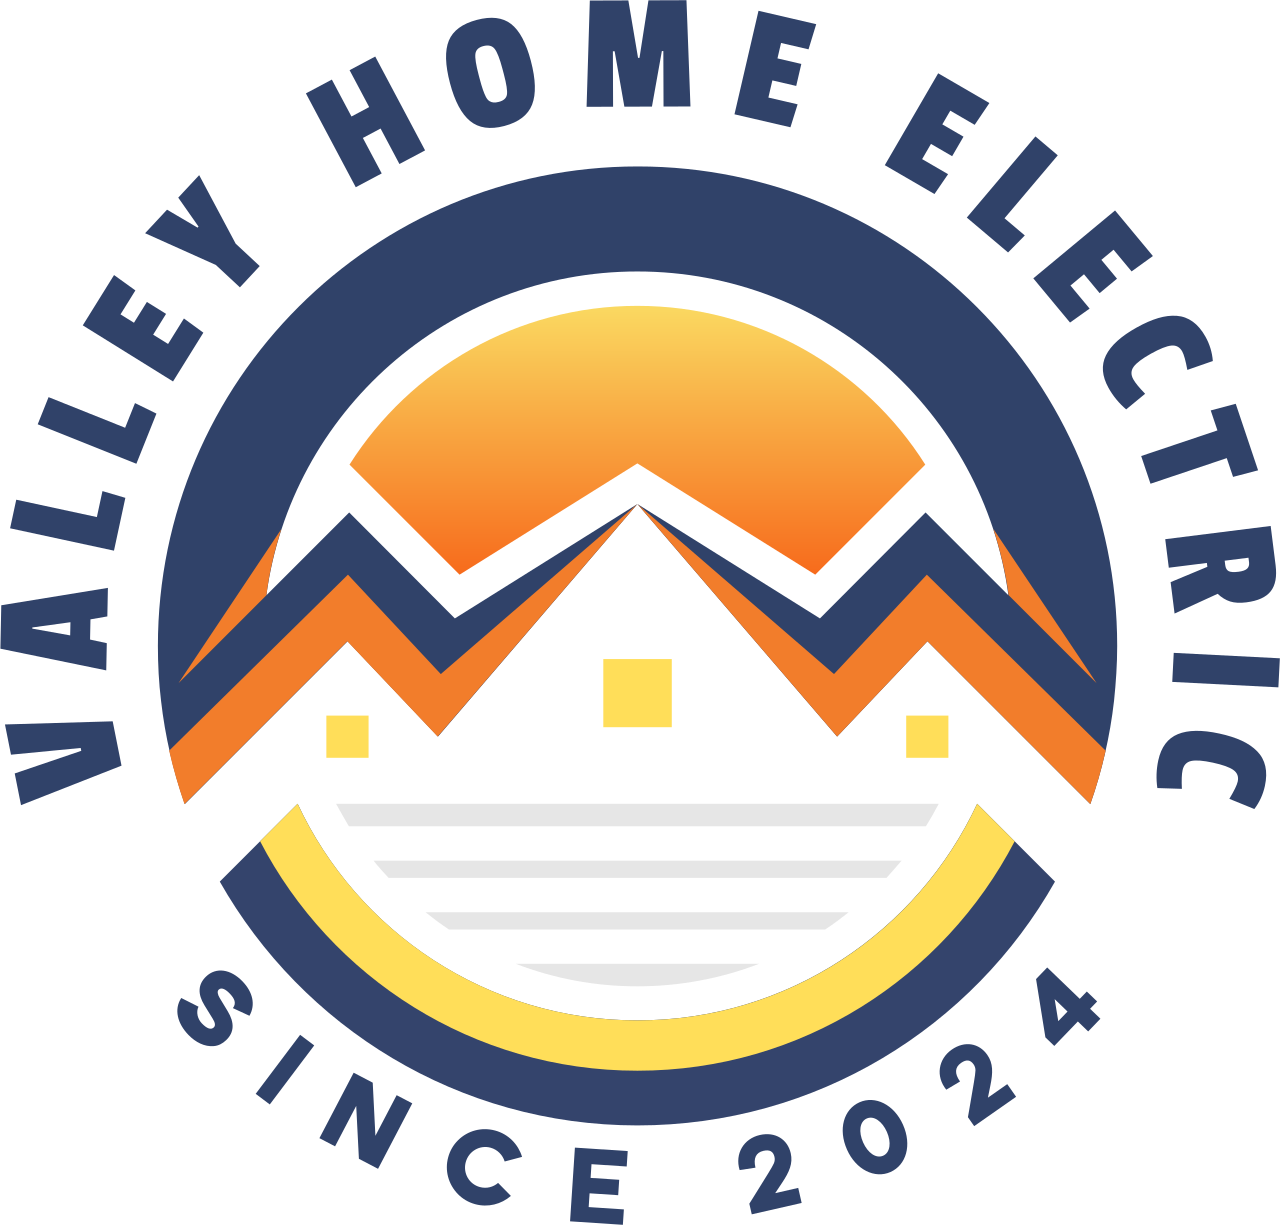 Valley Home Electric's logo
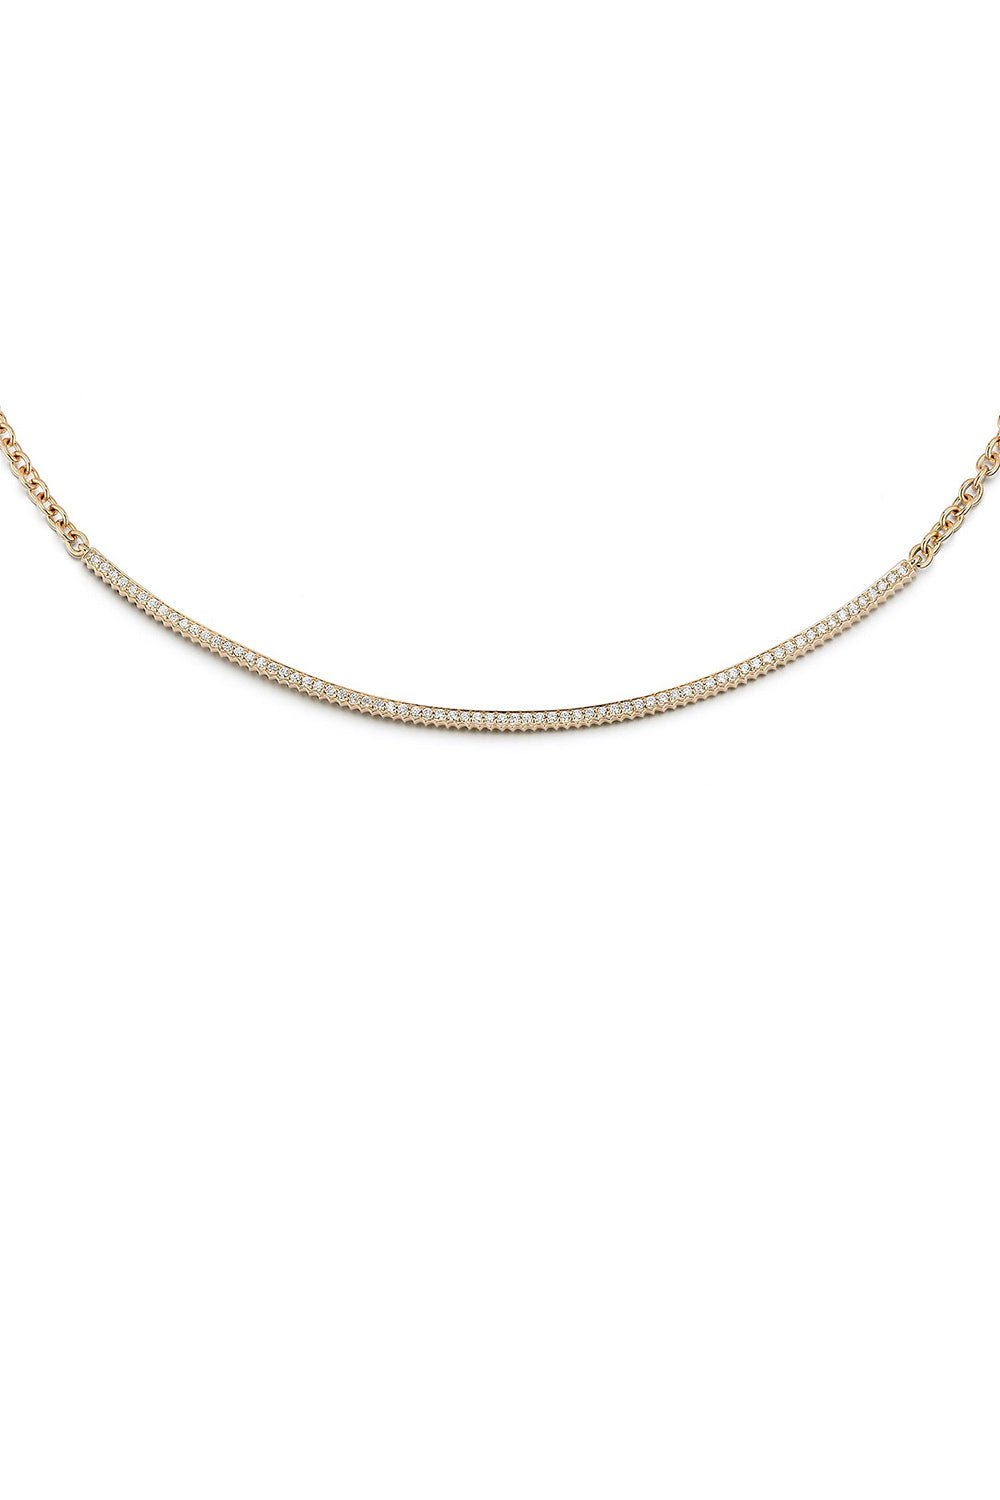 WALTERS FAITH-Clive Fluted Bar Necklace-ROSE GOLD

☆ ☆ ☆ ☆ ☆

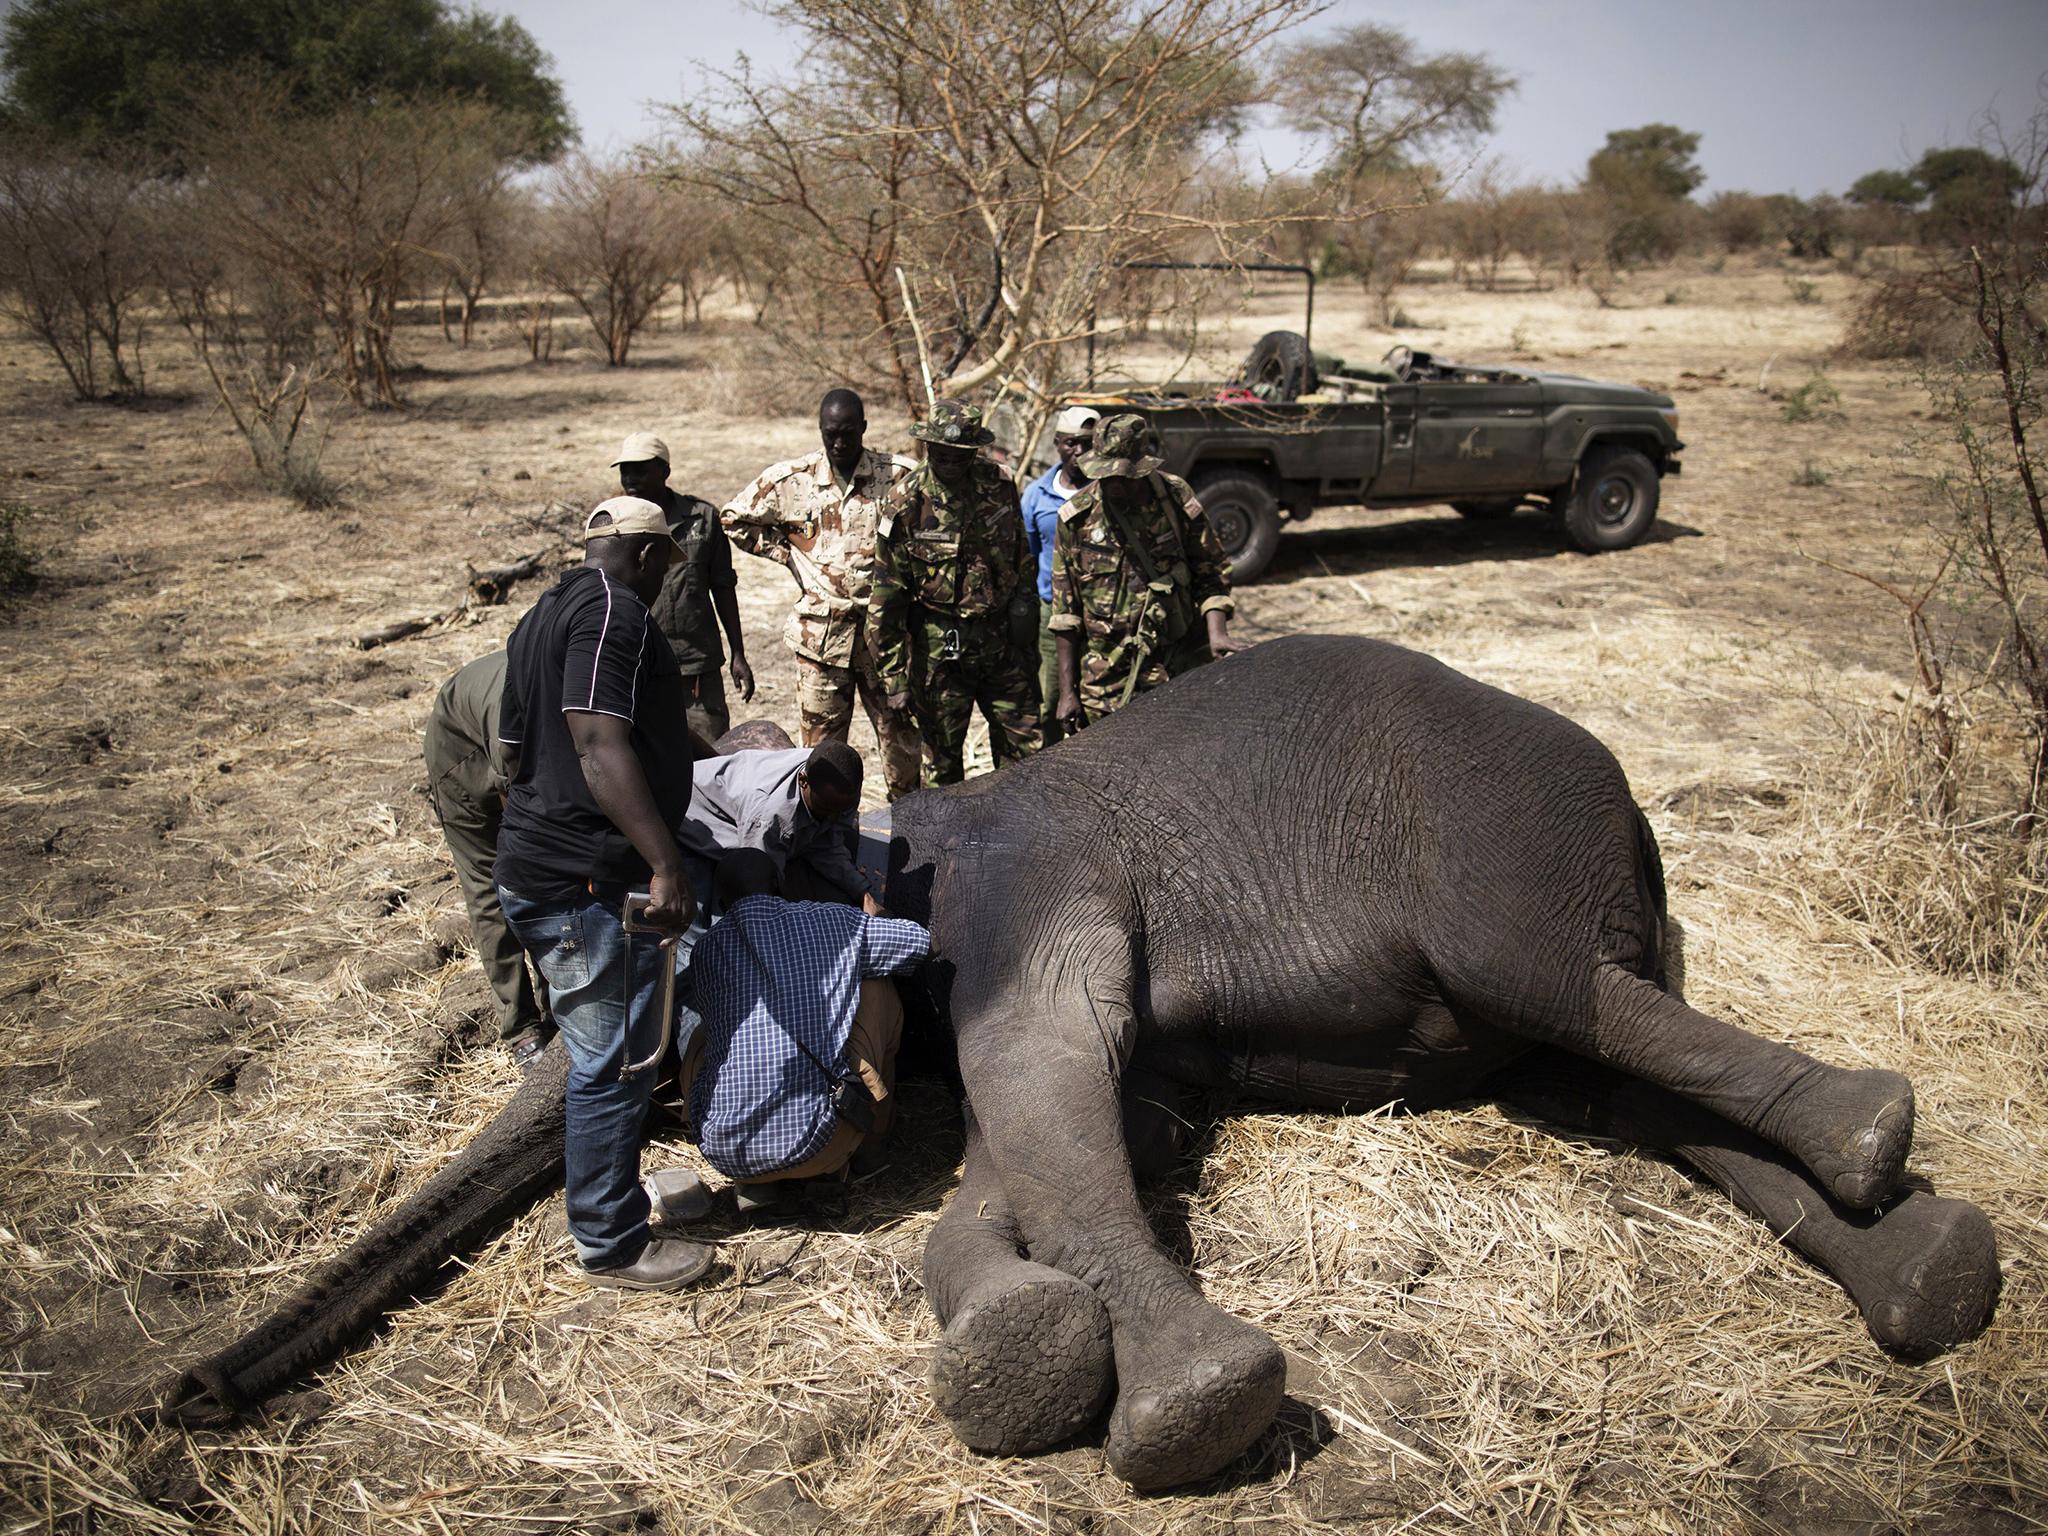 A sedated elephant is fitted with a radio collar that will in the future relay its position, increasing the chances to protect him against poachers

☆ ☆ ☆ ☆ ☆

### Task description:
In the listing above, find the line with "Valley Home Electric's logo" and the line with "WALTERS FAITH-Clive Fluted". Transcribe those two and everything between, exactly, leaving out pictures.

### Solution to this task:
 Valley Home Electric's logo
 WALTERS FAITH-Clive Fluted Bar Necklace-ROSE GOLD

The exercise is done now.